[LU-15725] Client side Mdtest File Read Regression introduced with fix for LU-11623 Created: 06/Apr/22 Updated: 10/May/22 |
|
| Status: | Open |
| Project: | Lustre |
| Component/s: | None |
| Affects Version/s: | Lustre 2.13.0 |
| Fix Version/s: | None |
| Type: | Bug | Priority: | Major |
| Reporter: | Petros Koutoupis | Assignee: | Lai Siyao |
| Resolution: | Unresolved | Votes: | 0 |
| Labels: | None | ||
| Issue Links: |
|
||||||||
| Severity: | 3 | ||||||||
| Rank (Obsolete): | 9223372036854775807 | ||||||||
| Description |
|
While testing 2.15 and comparing it to our 2.12 branch, I observed a noticeable file read regression on the client side and after doing a git bisect, I narrowed it down to the patch https://review.whamcloud.com/38763 "LU-11623 llite: hash just created files if lock allows". After reverting the patch, my read performance was immediately restored but it was at the expense of the huge file stat boost.
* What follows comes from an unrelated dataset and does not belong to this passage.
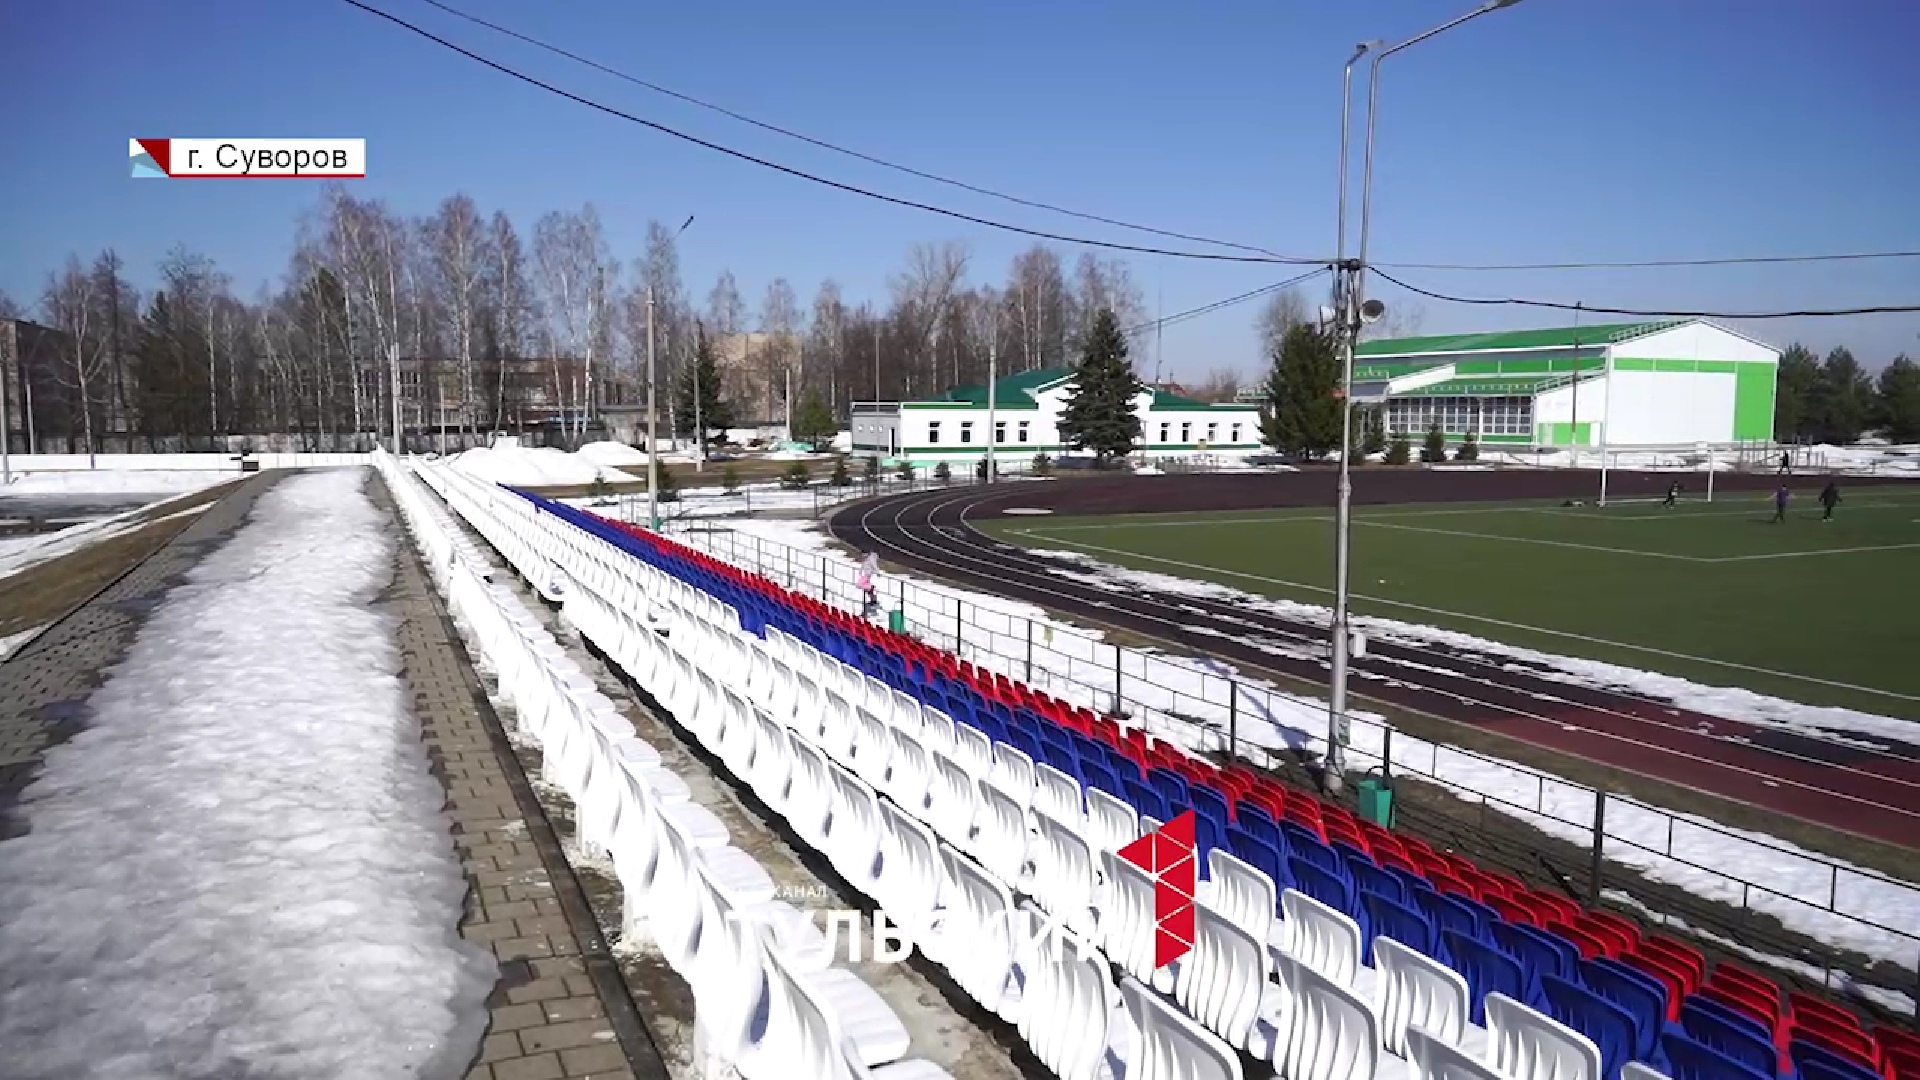 Суворов превратился в воспитательную площадку для будущих звезд спорта

File stats File Reads mdtest script: #!/bin/bash NODES=21 PPN=16 PROCS=$(( $NODES * $PPN )) MDT_COUNT=1 PAUSED=120 # Unique directory # srun -N $NODES --ntasks-per-node $PPN ~bloewe/benchmarks/ior-3.3.0-CentOS-8.2/install/bin/mdtest -v -i 5 -p $PAUSED -C -E -T -r -n $(( $MDT_COUNT * 1048576 / $PROCS )) -u -d /mnt/kjlmo13/pkoutoupis/mdt0/test.`date +"%Y%m%d.%H%M%S"` 2>&1 |& tee f_mdt0_0k_ost_uniq.out srun -N $NODES --ntasks-per-node $PPN ~bloewe/benchmarks/ior-3.3.0-CentOS-8.2/install/bin/mdtest -v -i 5 -p $PAUSED -C -w 32768 -E -e 32768 -T -r -n $(( $MDT_COUNT * 1048576 / $PROCS )) -u -d /mnt/kjlmo13/pkoutoupis/mdt0/test.`date +"%Y%m%d.%H%M%S"` 2>&1 |& tee f_mdt0_32k_ost_uniq.out
|
| Comments |
| Comment by Andreas Dilger [ 06/Apr/22 ] |
|
Petros, it would be useful if you edited your original description to indicate "git describe" versions for the "Original" and "Before Revert" tests. Is "Original" the commit before the LU-11623 patch, and "After Revert" on master with that patch reverted? Or is "Original" the 2.12.x test results? |
| Comment by Andreas Dilger [ 06/Apr/22 ] |
|
The first thing to check is whether there is something that is not being done correctly in this case. Unfortunately, the original patch did not show the "File read" results, or it might have been more visible if there was a regression. In some cases, performance issues like this are caused by incorrectly conflicting/cancelling the lock on the client, and it might be possible to "have your lock and read it too" by avoiding the extra cancellation(s) or efficiently handling the cancellation (if needed) with ELC (Early Lock Cancellation). In situations where there is no single "good answer" for whether the extra lock should be taken or not, it may be that there a weighted history of what is done to the file (e.g. similar to patch https://review.whamcloud.com/46696 " |
| Comment by Lai Siyao [ 07/Apr/22 ] |
|
Petros, what are the results of "Directory stat" before and after the revert? |
| Comment by Oleg Drokin [ 07/Apr/22 ] |
|
There was a follow-on patch https://review.whamcloud.com/#/c/33585/ that was not landed for a variety of reasons, I wonder if it could be tried too. |
| Comment by Petros Koutoupis [ 07/Apr/22 ] |
|
Andreas, I modified the description. I hope that clarifies things.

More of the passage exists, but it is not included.